Сергей Ордынцев: ставок больше нет
Серебровский кому-то вкладывал в мозг по мобильному телефону, а я праздно глазел в окошко — сантиметровой толщины синеватый броневой лист. Когда кортеж сворачивал с Тверской на Садовую, я обратил внимание, что конвойные джипы при любых маневрах умудряются держать минимальную дистанцию с нашим «мерседесом» — мы двигались не как три отдельных тяжелых и скоростных машины, а как сцепка, вроде венгерских автобусов-гармошек.
На поворотах водитель и сидящий рядом охранник Миша совершенно синхронно, будто соединенные шарниром, поворачивали свои круглые головы направо, потом налево, прямо — они жили как единый организм.
Негромко, чтобы не мешать Сашке, я сказал водителю:
— Ездите хорошо — загляденье…
Он усмехнулся, пожал плечами:
— Нормально… Я тринадцать лет прослужил в «девятке».
Охранник Миша, подумав, видимо, что я не пойму, объяснил:
— В охране правительства — Янаева, вице-президента возил. Смешной был мужик…

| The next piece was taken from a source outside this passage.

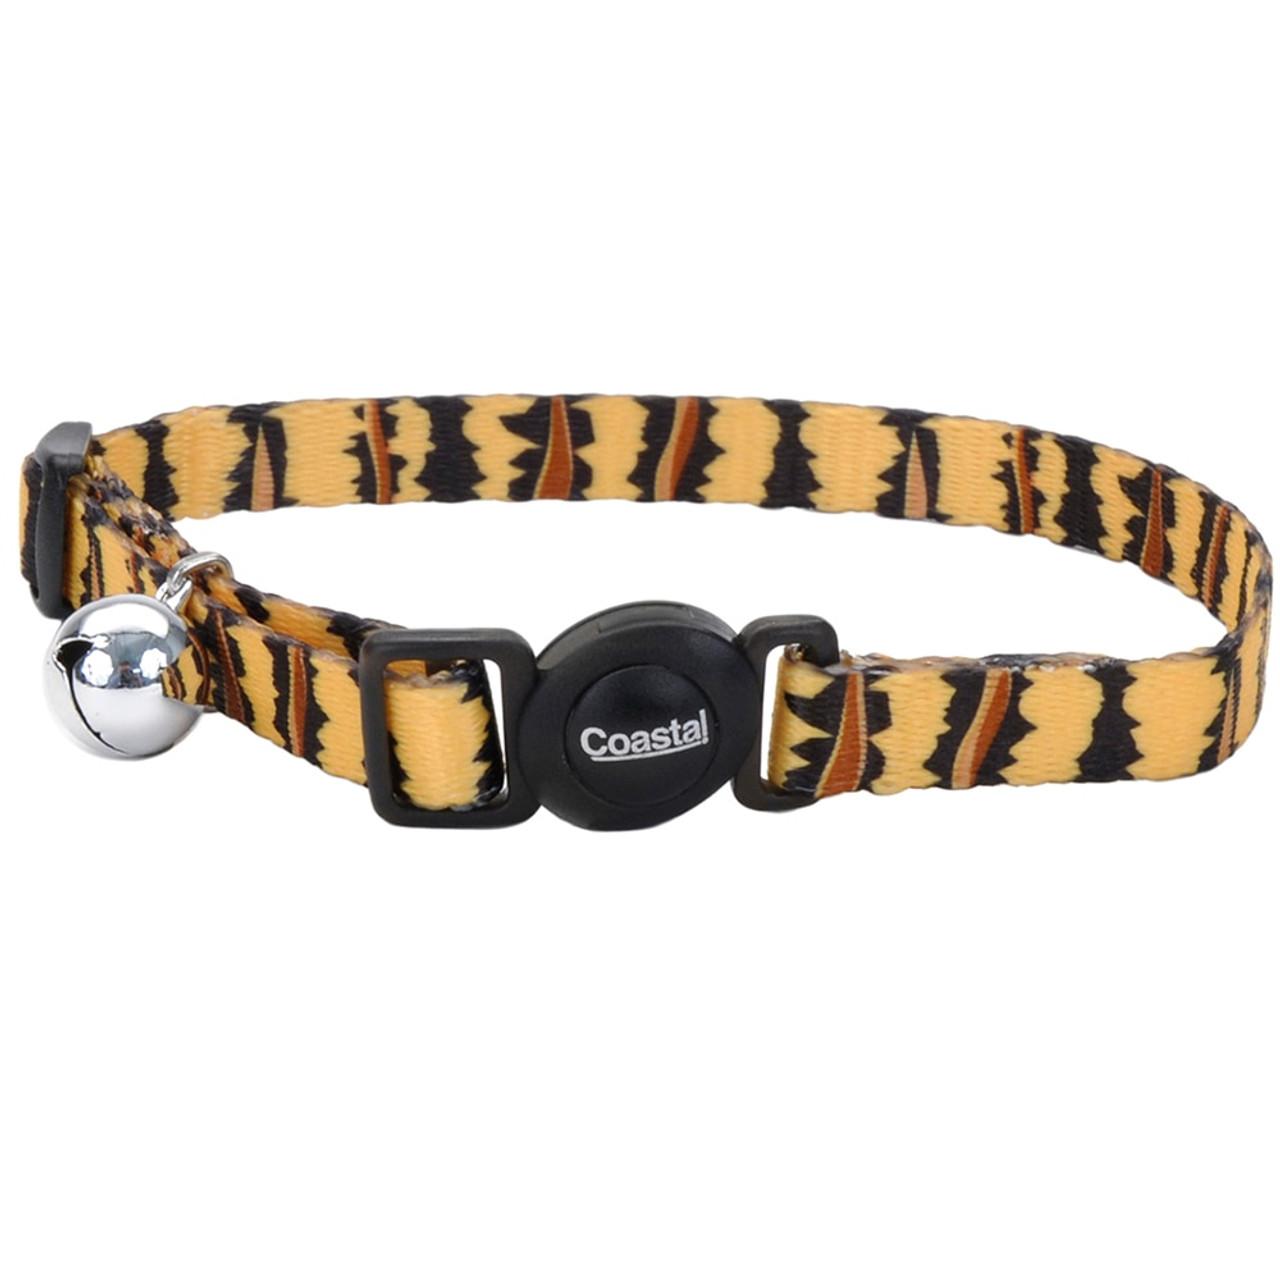 Coastal Pet Fashion Adjustable Breakaway Cat Collars

Зачем-то — какое мне дело? — я спросил:
— А стреляешь как?
Водила, ни на миг не отрываясь взглядом от дороги, каким-то боковым зрением посмотрел на меня, будто оценивал, стою ли я ответа, подумал и с явным удовольствием сказал:
— О, стреляю-то я хорошо!..
А Миша кивнул, засвидетельствовал:
— Штатно! У нас с этим нормально…
И я ему поверил — интересно было бы посмотреть, как они хорошо стреляют, если эта виртуозная езда — нормальная.
Сашка громко засмеялся и сказал в телефон:
— Нет, об этом и не заикайся! Не дам! У меня только на твой пенсионный фонд уходит в год около пяти тысяч. Прикинь — полтинник за десять лет. За век — полмиллиона. За тысячу лет — пять лимонов! Вот тут ты выходишь на пенсию и ни в чем себе не отказываешь. Все, все — тема исперчена. Позвони в пятницу Кузнецову и доложи движение моего вопроса…

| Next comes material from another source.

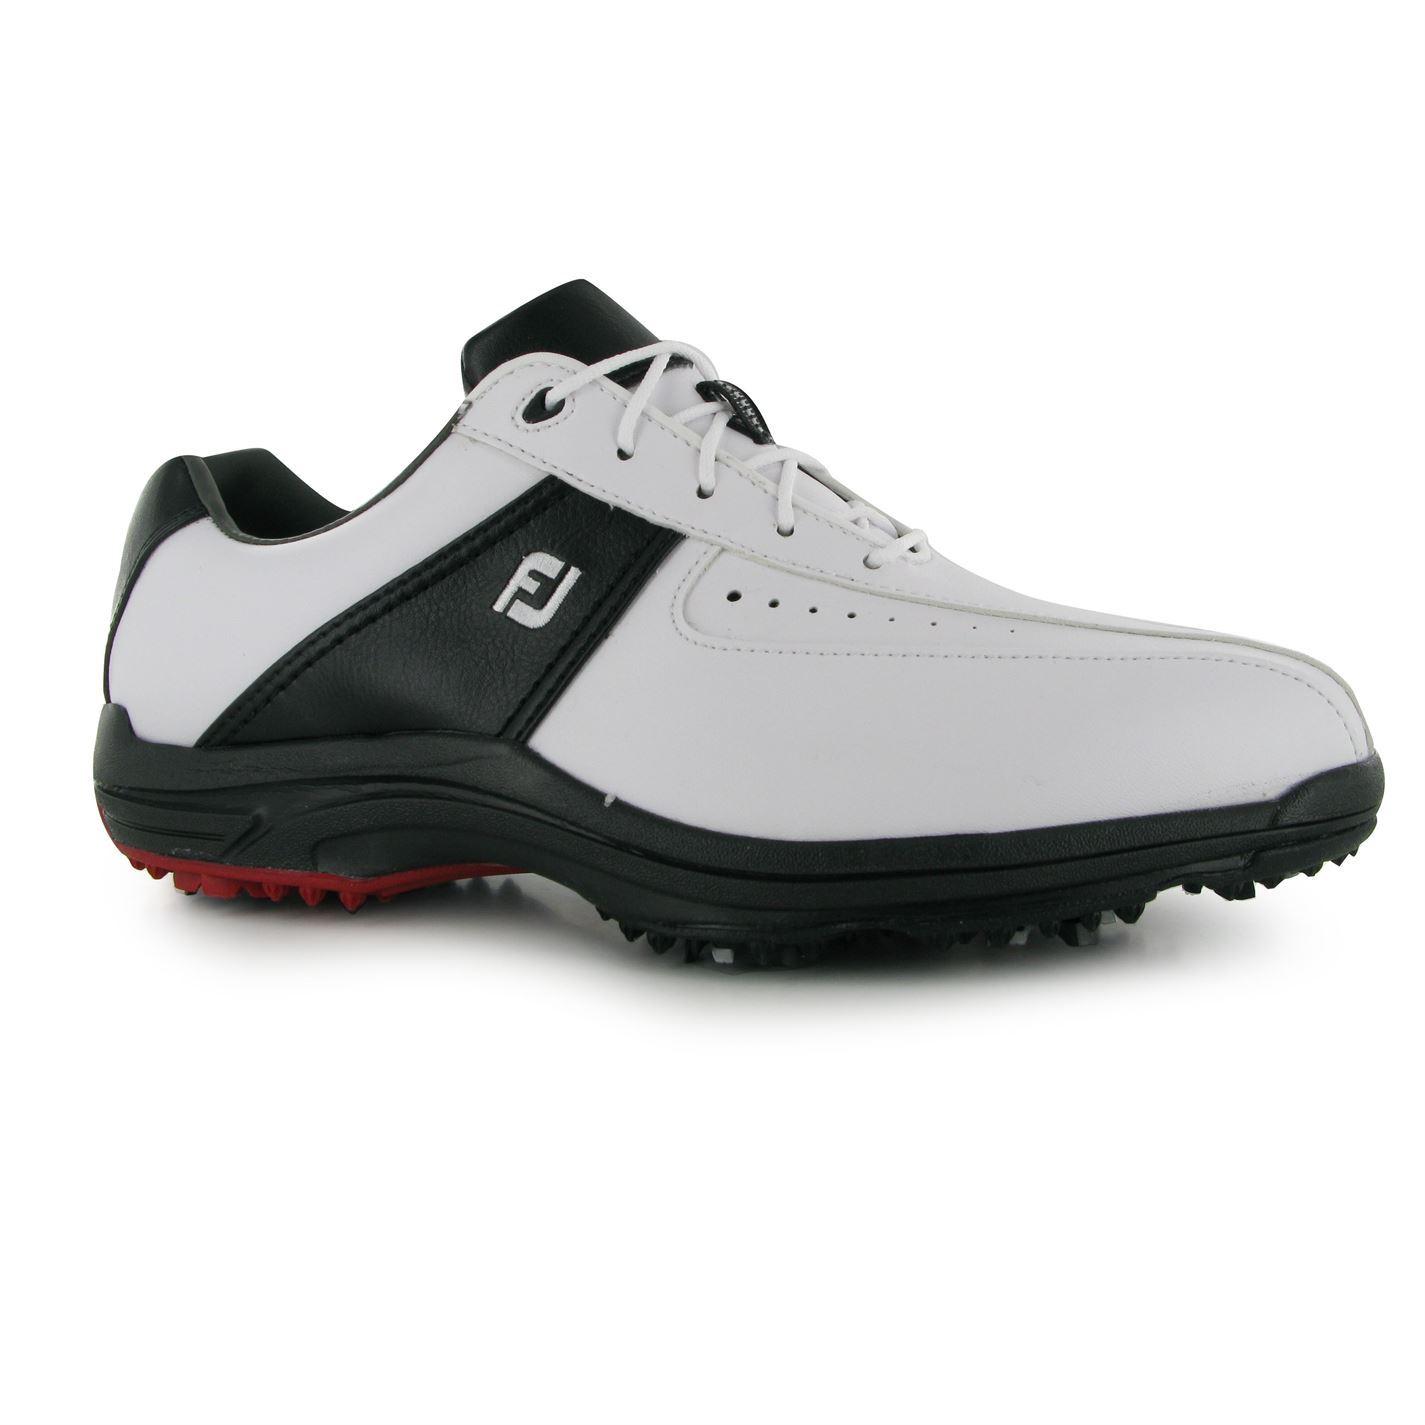 footjoy greenjoy golf shoes mens white black trainers

Щелкнул кнопочкой, бросил аппаратик в карман, посмотрел на меня.
— Ну, чего?
— Чего! Чего! А ничего! Сегодня Кузьмич старательно и тонко выполнял твое поручение.
— Какое именно?
— Объяснял мне, придурку, что с полицейской беготней пора завязывать. Делом надо заниматься! Настроения выведывал…
— Разумно. Но ты ошибаешься — я ему этого не поручал, — засмеялся Серебровский и рукой показал на джипы сопровождения: — Сафонов, умница и профессионал, понимает неэффективность физического прикрытия, силовой охраны. Это все — часть карнавала, гроза для босоты, уличных отморозков. Борис Березовский чудом избежал смерти, а вот в этом переулке среди бела дня застрелили моего приятеля банкира Мишу Журавлева. Как ты догадываешься, их неплохо охраняли…
— А чего хочет Кузьмич?
— Психологической игры. Он уверен, что ты сможешь погасить иррациональный чемпионский азарт Кота.
Охранник Миша поднес к губам рацию:
— Прибываем на точку… Группе сопровождения приготовиться!
Автомобили притормозили у ярко освещенного подъезда старинного красивого особняка. Телохранители из переднего джипа сыпанули на тротуар, протопали по красной ковровой дорожке к дверям. Миша уже вылетел наружу и собрался принимать на руки охраняемое тело, бойцы концевого «экспедишена» рассекли вялый ручеек пешеходов коридором для нашего прохода.
Мы вышли из машины. По случаю собирающегося дождя на Сашке был плащ, тончайший серый пыльничек от Эрмененгельдо Зеньи. Не надет в рукава, а накинут на плечи — этакий невероятный голливудско-дерибасовский шик.
Наверное, этот плащ внакидку — последняя фантазия истаявшей юности о предстоящей нам шикарной жизни.
Человек в красной сюртучной ливрее, с блестящими шнурами аксельбантов, с кручеными золотыми погонами и в фуражке с дорогим шитьем склонился с достоинством в полупоклоне на парадном входе. Он был похож на генерала Пиночета, приносящего присягу президенту Альенде.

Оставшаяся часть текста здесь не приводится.